On this occasion, the fact that we’ve got another same-sex romance coming out so soon after the critical and commercial success of the gay cowboy movie Brokeback Mountain would tend to suggest that it was merely a fluke of timing on the part of its producers. In fact, considering the central same-sex relationship here is a lesbian one – somehow always considered less risqué and to have more commercial appeal than one between two men – received wisdom would suggest that the only dampener to this film’s potential success would be that men might find themselves told off by their other halves if they suggested going to the cinema to see some girl-on-girl action.

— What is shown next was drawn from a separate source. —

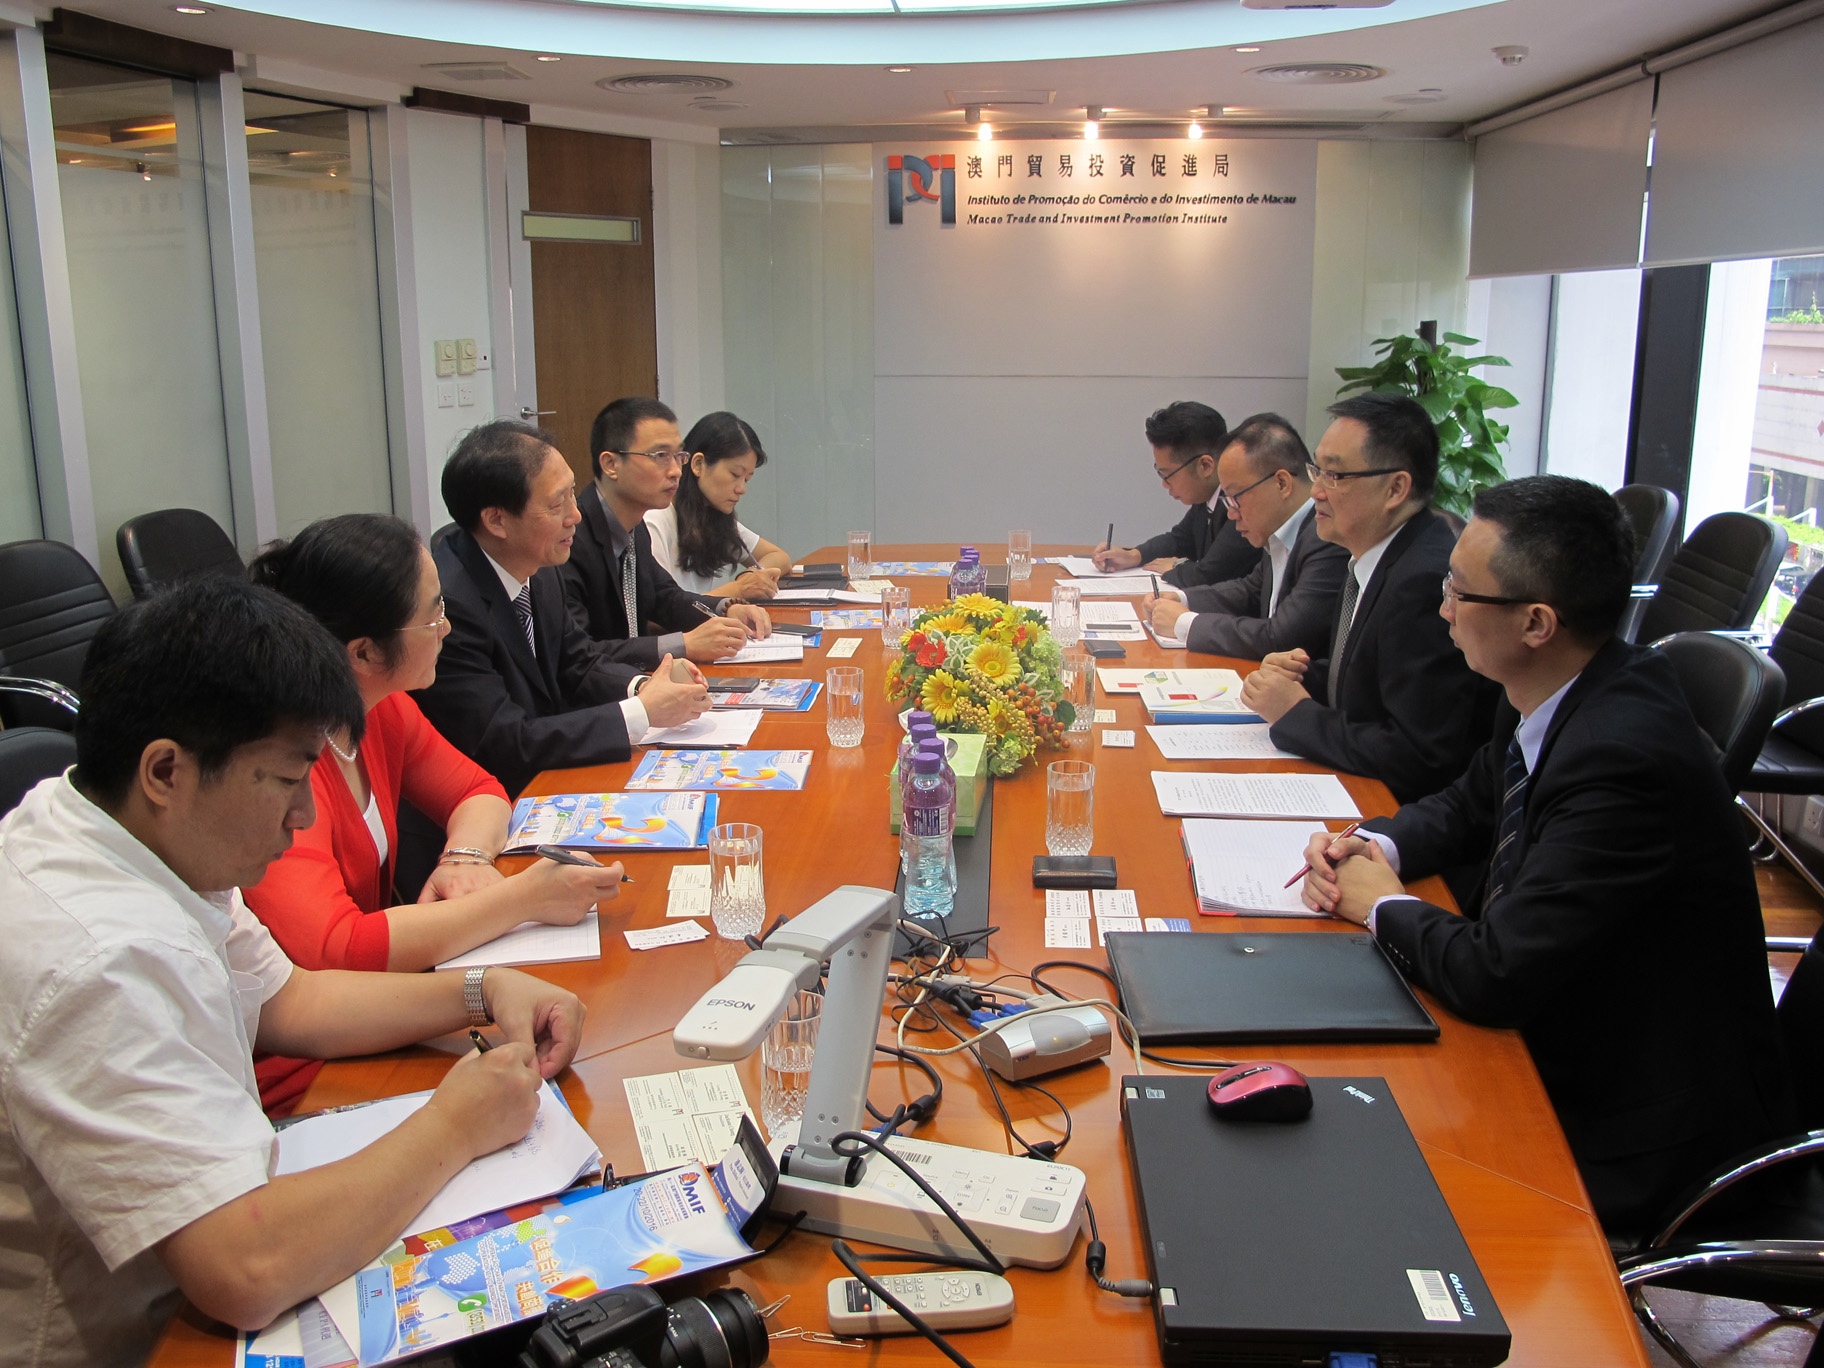 IPIM’s President Jackson Chang in a meeting with Vice General-Director of Department of Commerce of Fujian Province Huang Dezhi and the delegation<br />(7 July 2016)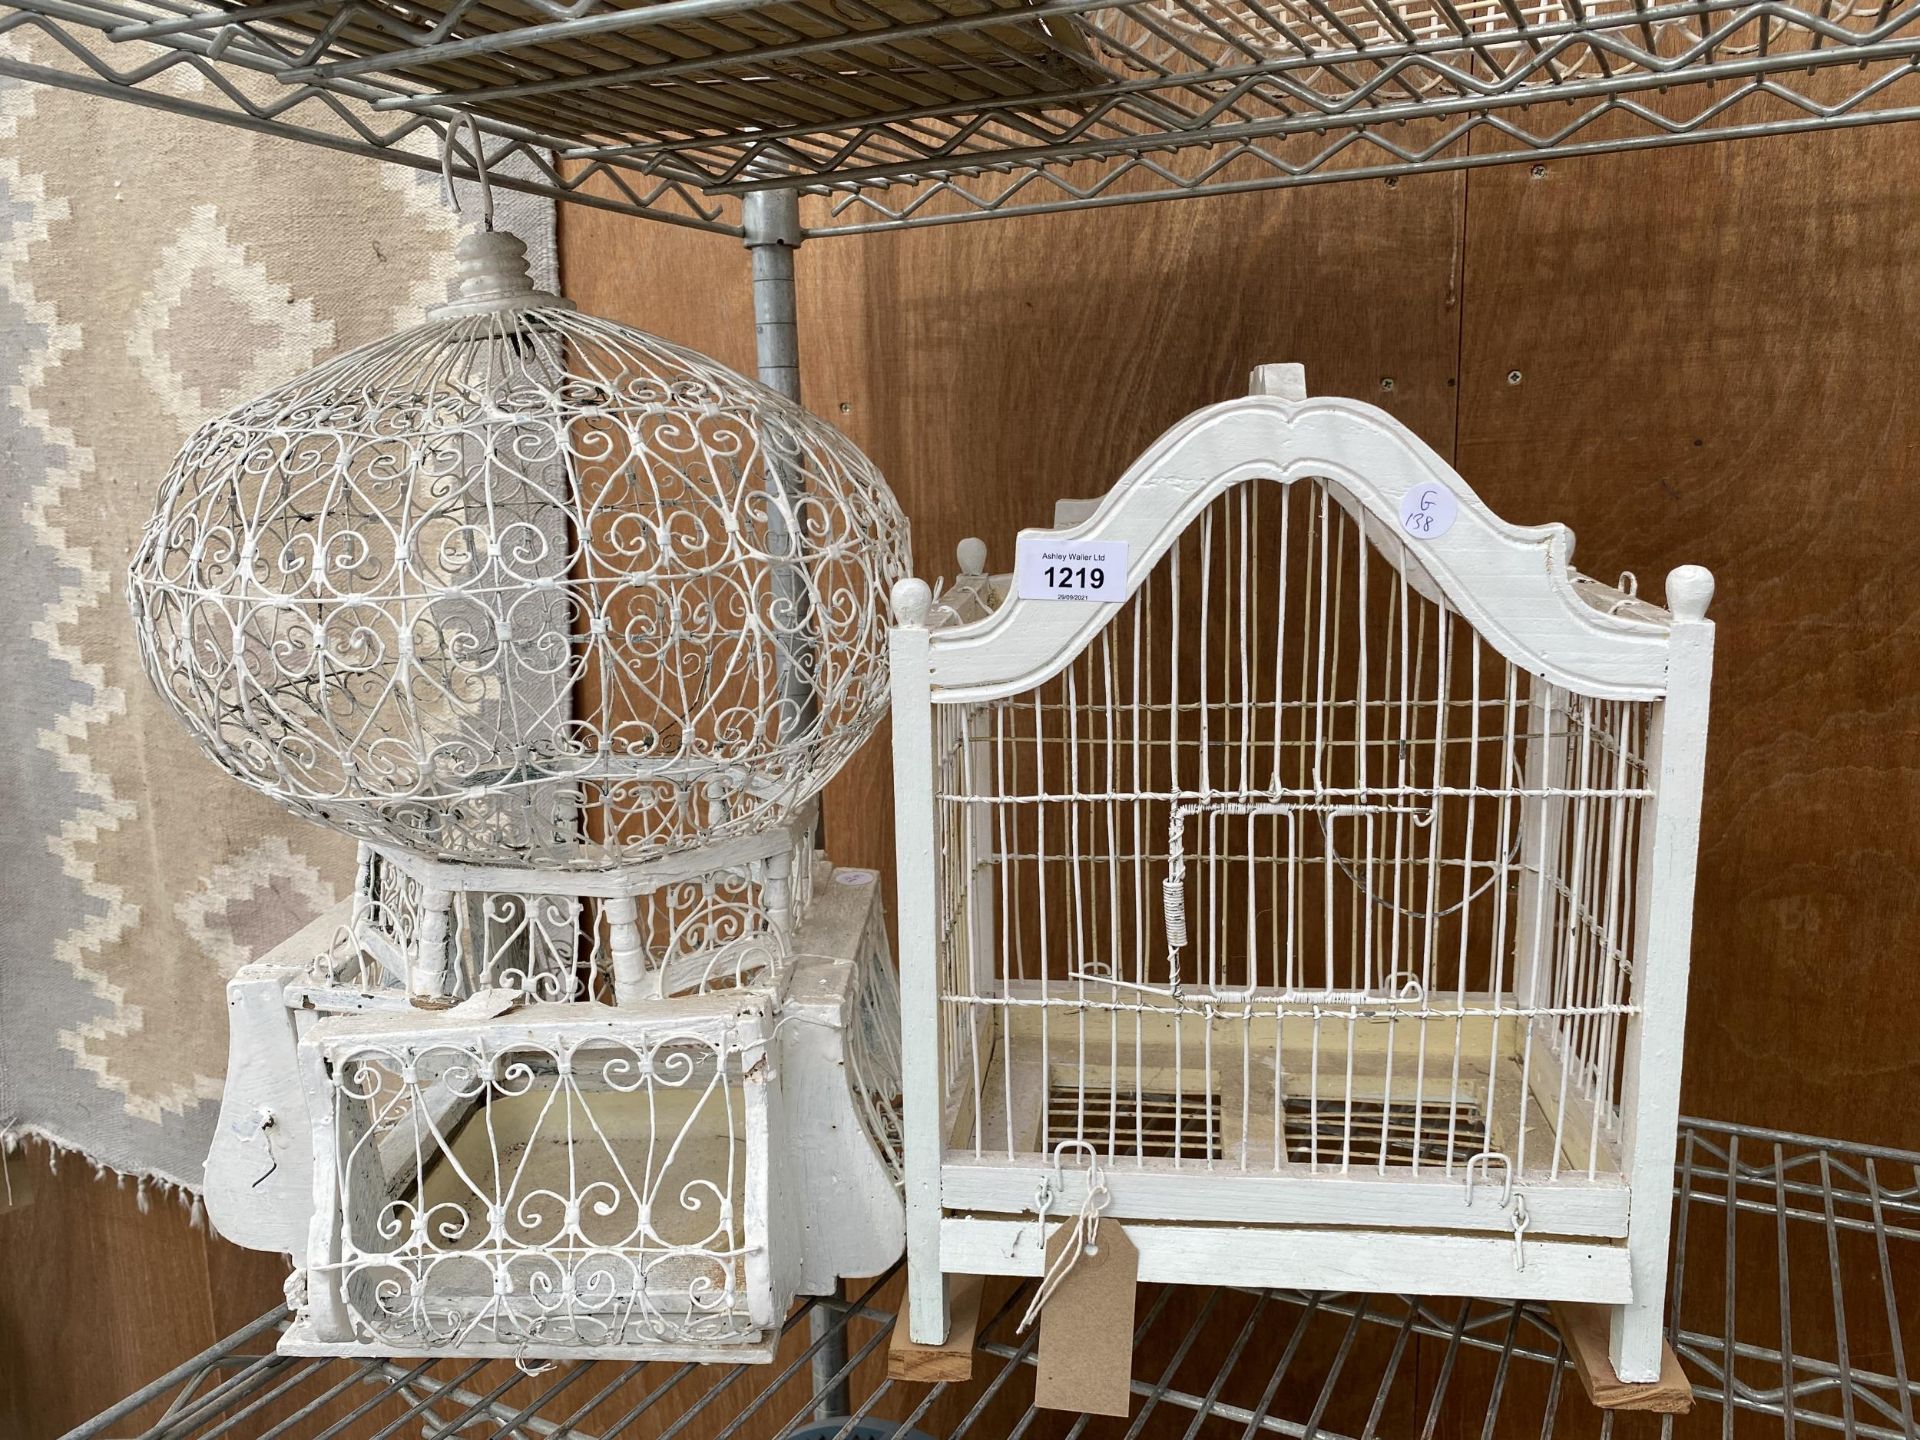 TWO DECORATIVE WOODEN AND METAL BIRD CAGES

Whereas Brokeback Mountain is a restrained, serious and mournful look at forbidden love in the finest traditions of Romeo and Juliet, this is the female, romantic comedy version. At her wedding, Piper Perabo’s bride Rachel spots Lena Headley’s florist Luce, the proverbial lightning bolt strikes, and the two women fall instantly in love.
Yep, it’s a romantic comedy where the central relationship is an adulterous homosexual one – if that doesn’t get the religious right up in arms, nothing will. But this is such an inoffensive, almost bland affair that it is hard to see how anyone could object, other than in as much as they might feel rather short-changed after sitting in the cinema for a couple of hours in search of a satisfactory resolution.
For much of the running time, this film is taken up with the near-misses and potential discoveries of any attempt to have an affair, surrounded by the now requisite troupe of eccentric Brits that make up most films aimed at Americans but set in the UK – here personified by Rachel’s parents, played by Celia Imrie and Tony Head, better known as “that one off Victoria Wood” and “Giles from Buffy”.
This isn’t to say that this is not a passably enjoyable little film, but simply that despite the central gay theme and uncertainty of the ending – a blessed relief in the romantic comedy genre – everything is pretty much played by numbers. The only thing missing is for Rachel’s husband to be unpleasant and/or abusive. He’s not. He seems like a thoroughly nice chap. In fact, everyone involved seems thoroughly nice. And that, in the final analysis, is far less believable than a woman deciding she’s a lesbian on her wedding day.